13.6 Should Daxwell prevail in any legal proceeding against or concerning Customer related to the Sales Order or these Sales Order Terms, Daxwell shall have the right to an award of its reasonable attorneys’ fees, costs, and expenses incurred. This provision shall survive the termination of the Sales Order.
13.7 Subject to Section 2.2, the Sales Order and these Sales Order Terms constitute the entire agreement between the Parties unless specifically modified by a writing signed by Daxwell and Customer. Daxwell rejects any and all terms, conditions, or obligations proposed by Customer that may be set forth elsewhere or that are in addition to or contrary to the Sales Order or the Sales Order Terms, except as set forth in Section 2.2.

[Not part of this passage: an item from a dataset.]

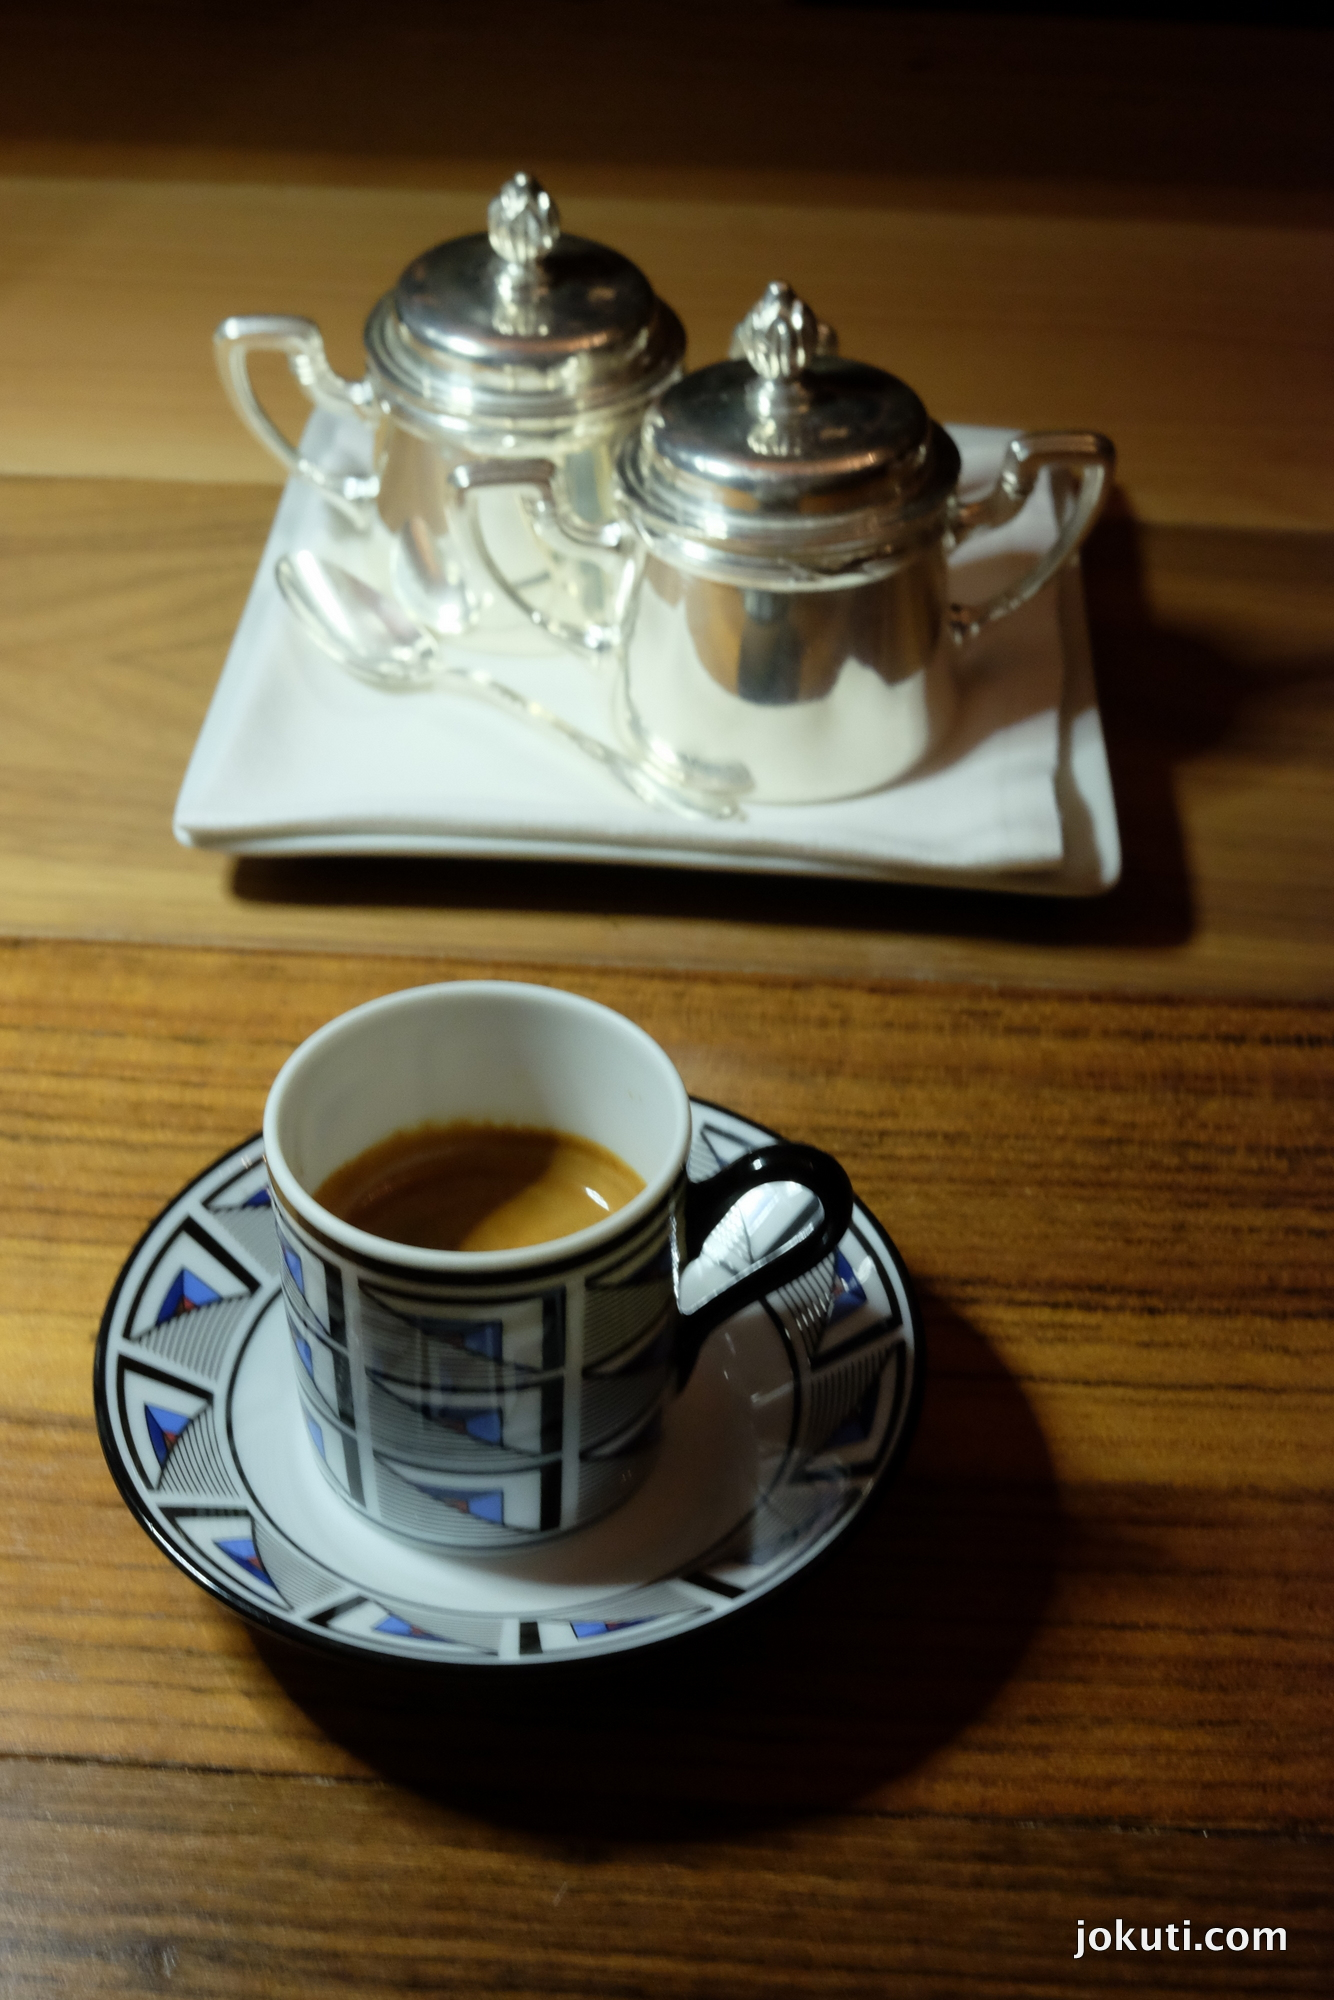 dscf5480_osteria_francescana_modena_italy_massimo_bottura_michelin_reitbauer_restaurant_vilagevo_jokuti_1.jpg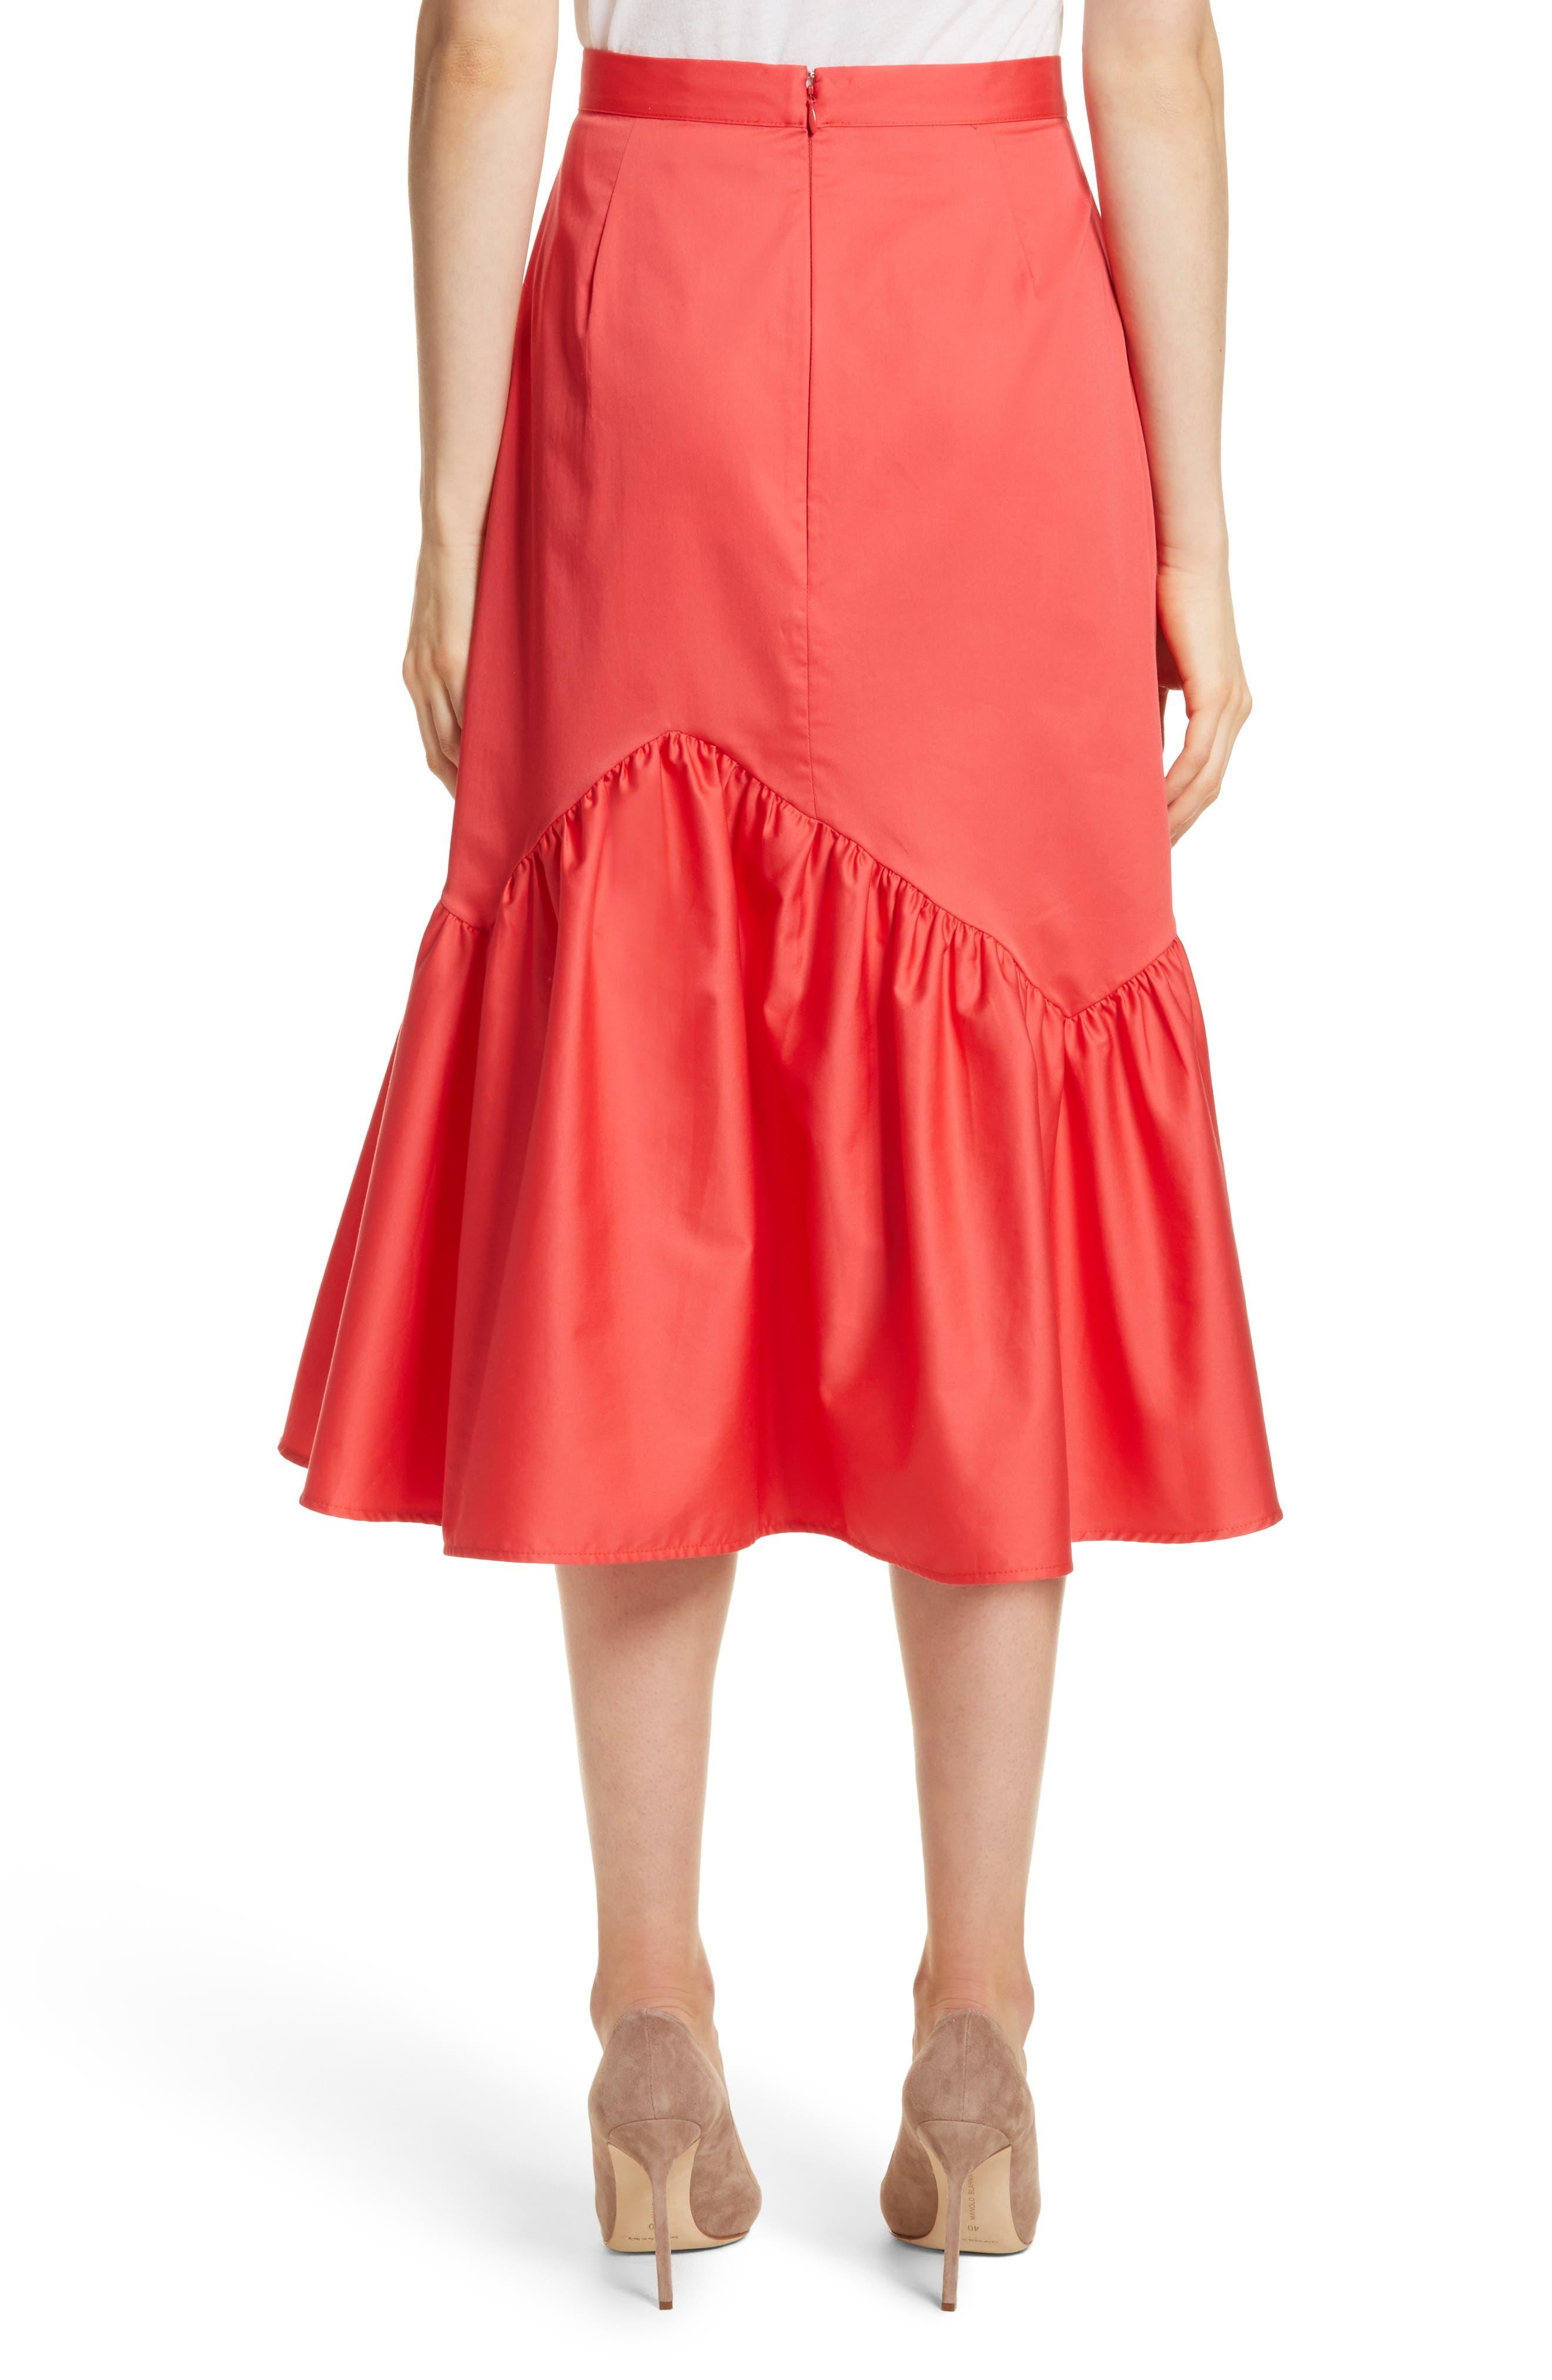 Prose & Poetry Tyra Midi Skirt,                             Alternate thumbnail 2, color,                             Watermelon

13.8 Daxwell is an independent contractor, and not an agent or employee of Customer. Nothing in the Sales Order or these Sales Order Terms shall be construed to create a joint venture, partnership, association, profit sharing arrangement, or like relationship between Daxwell and Customer, nor shall the Sales Order or these Sales Order Terms including the relationships established in connection herewith be deemed to give rise to any fiduciary obligation on the part of either Daxwell or Customer. Nothing in the Sales Order or these Sales Order Terms shall create a contractual relationship with or a cause of action in favor of any third party against Daxwell.
13.9 Any notice under the Sales Order will be given in writing and deemed to be given at the time received when delivered personally, provided such delivery is confirmed by the courier or delivery service, or sent by expedited delivery service with proof of delivery, or by registered or certified mail, return receipt requested, to Customer at the mailing address specified in any Sales Order, or to Daxwell at: Daxwell, LLC, Attn: Legal Department, 2825 Wilcrest Dr. #500, Houston, Texas 77042.